What is this male behavior that culture permits, but ought not to? Is Gutmann referring to such stereotypically male behavior as coal mining and sanitation work? Does the professor have in mind the lineman who scales a pole during an ice storm to restore power to the professor’s house? Perhaps he means those who man the fishing fleets in the Bering Sea (and, in doing so, die at a higher rate than in some combat posts) to bring sushi-grade tuna to the foodies in his university town. No, presumably these jobs would remain staffed as they currently are (with an appalling lack of gender equity), even after the ideological reform has been accomplished. But, crucially, these ruffians would no longer indulge their male privilege by, for example, making dick jokes among themselves as they warm their frost-stiffened fingers over a barrel fire. The sun-scorched roofers laying molten tar on the flat roof of a shopping mall in Louisiana, in July, would no longer abuse their high position to glance down the blouses of shoppers walking across the parking lot on their way into the cool air of Nordstrom. The roofers would be made to understand: that’s violence.
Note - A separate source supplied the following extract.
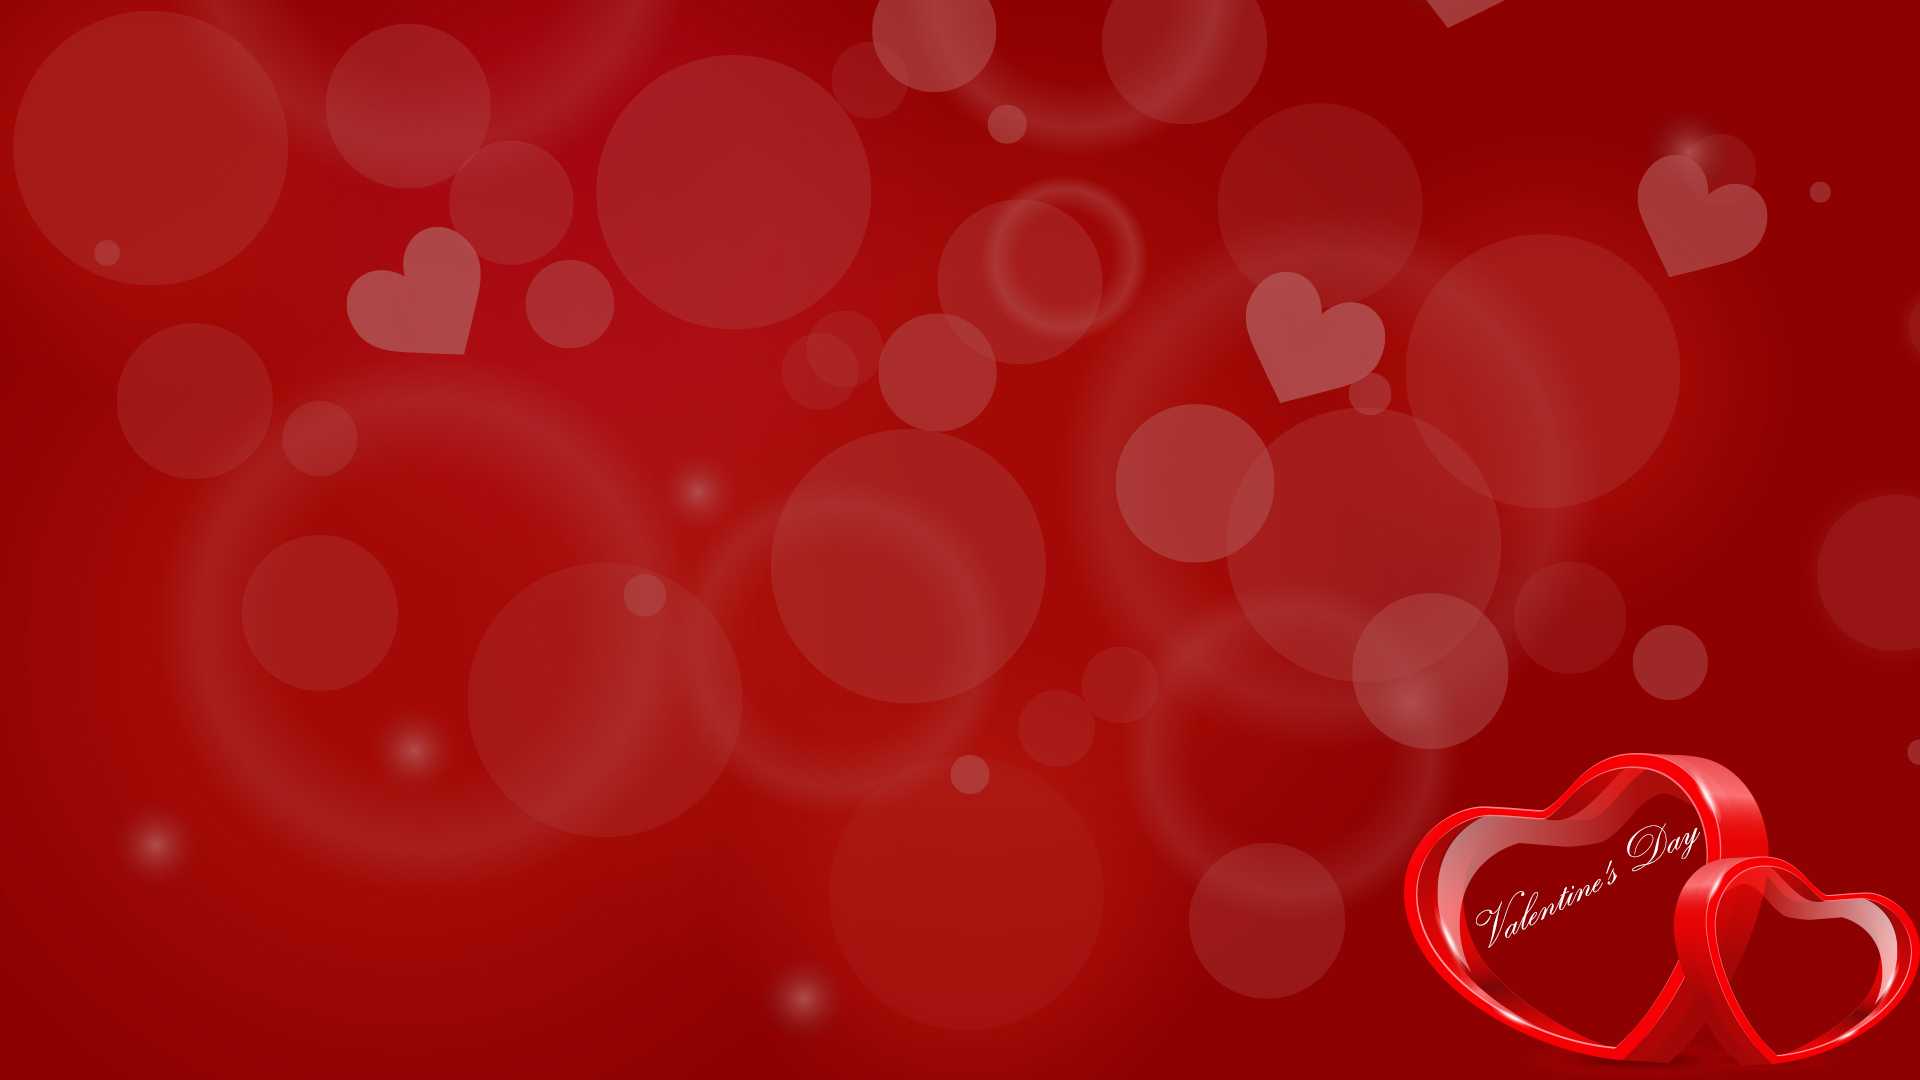 Valentines Day Heart Backgrounds For Powerpoint - Love Ppt Within Valentine Powerpoint Templates Free

Today, to be male is to live under a moral stain. In particular, it has been decided that male sexuality is illegitimate. Of course, it has always posed a problem for society, as something that needs to be domesticated – made generative rather than destructive – because it presents hazards and indispensable energies. It provides both obstacles to the civilizing project of moral formation, and the basic material for that project.[1] Currently we view it through the simplifying lens of the criminal code, with concepts such as sexual assault and sexual harassment. These are made to stand for male sexuality altogether.
The rise of the sex narcs
In an eye-opening law review article titled “The Sex Bureaucracy,” two Harvard law professors with impeccable feminist credentials report in great detail what they call “the bureaucratic leveraging of sexual violence and harassment policy to regulate ordinary sex.” The story told by Jacob Gersen and Jeannie Suk is focused mainly on universities.[2]